Flyte makes local execution easy with flytectl, which sets up a sandbox container for testing workflows. Plus, it lets you run Python code locally, so you can test and debug your workflows before deploying them to the cloud.

Flyte emerges as a modern solution for virtually every aspect of tech workflows, offering the following key benefits

Comparison

Dag Versioning

While working on the weather data project in Airflow, one of the challenges I encountered was managing changes in the pipeline over time—a common issue known as DAG versioning. If you update a pipeline to add or modify tasks, there’s no native way to version these changes, run different versions side by side, or to rollback to previous task. User faces hard-time and more complexity while taking precautions like appending version numbers to DAG IDs, using Git for code tracking, or maintaining separate environments.

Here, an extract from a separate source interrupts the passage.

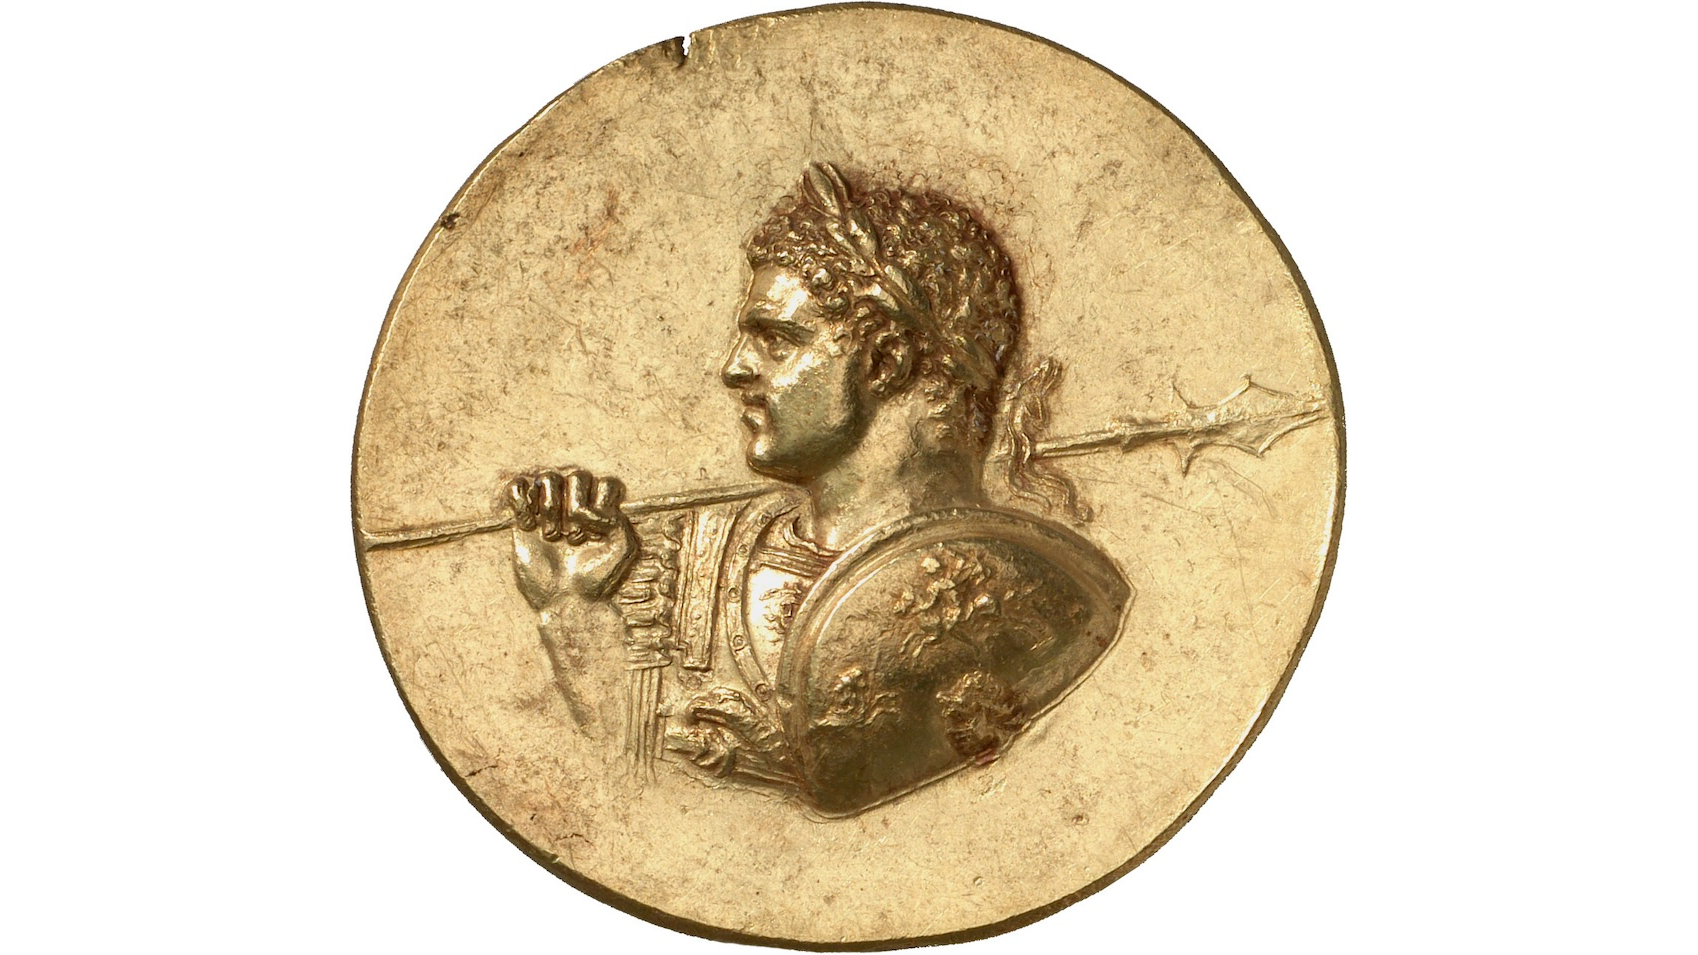 A portrait of a Roman emperor holding a weapon

In contrast, Dagster solves this problem effectively with its asset-centric approach, built-in support for backfills, and asset snapshots. Each asset is versioned independently, so if any new asset is updated it doesn’t disrupt the other.

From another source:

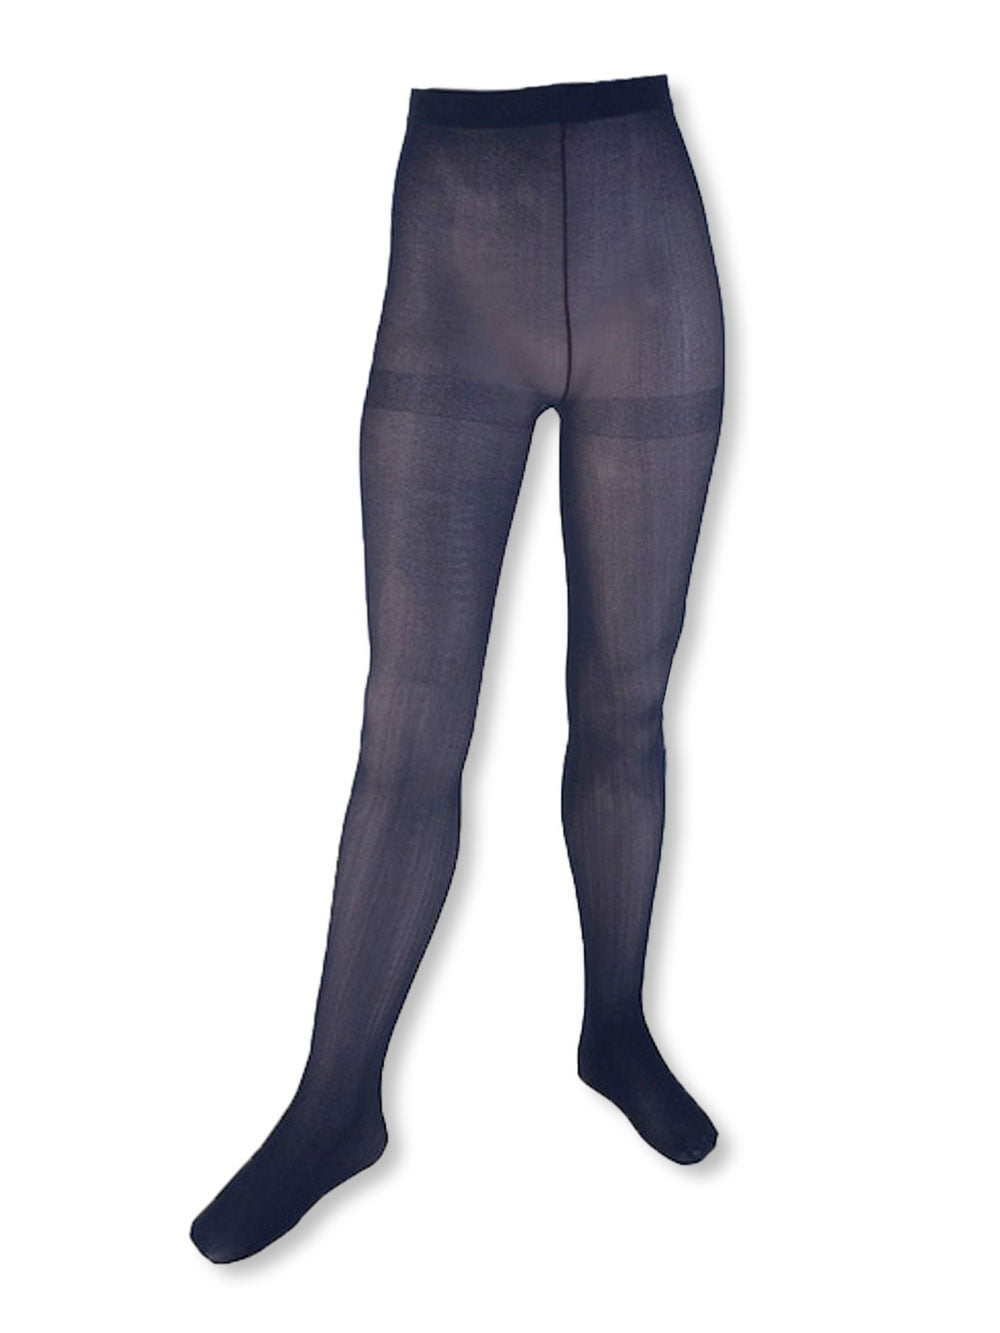 Tights 250 denier Opaque Women's Black stockings Sizes 8 10 12 14 16

As the modern data stack has grown and is still growing, tools can't just limit themselves to only executing, managing, and optimizing data assets anymore. They need to fit into the entire development workflow—from local testing to production deployments—while being cloud-native to support scalability and flexibility.

Whereas,
Flyte addresses DAG versioning seamlessly by supporting versioned workflows natively. When you update or modify a task, Flyte allows you to track and manage different workflow versions without disrupting ongoing processes. Flyte enables you to test updated tasks without affecting the entire workflow, ensuring smoother iteration and flexibility.

Scaling

In data engineering, scaling up is something Dagster handles really well with its flexible architecture for handling large data workflows whereas in Airflow managing resources and scaling can be challenging. However, when it comes to machine learning, Flyte stands out as the more favorable choice, thanks to its built-in support for ML workflows, model versioning, and Kubernetes-based scalability.

Modern AI Orchestration

When you compare Airflow, Dagster, and Flyte, it's clear how they handle different project needs. Like in our weather data project. Airflow excels in scheduling tasks but falls short when you need AI-specific task or handle high-volume, real-time data like in weather prediction models. Dagster focuses heavily on the data-driven approach, which is great, but it lacks some of the dynamic scalability that a complex project like weather forecasting requires. Flyte, however, shines when it comes to AI orchestration. It handles intensive workloads, scales effectively for complex data processing, and automates the workflow, making it ideal for things like predicting weather patterns or managing large sets of weather-related data, all while being efficient and reliable.

CONCLUSION

When deciding between the tools, consider the scale and focus of your workflows. If you need flexibility in pipeline structure and asset management, Dagster is a strong contender. For machine learning workflows with the added benefit of seamless scaling, Flyte should be your go-to solution. Meanwhile, if you are managing straightforward, traditional data engineering tasks, Airflow’s simplicity will still make it a valuable tool. Each of these tools brings unique features and advantages, so understanding your project’s needs will guide you toward the optimal choice.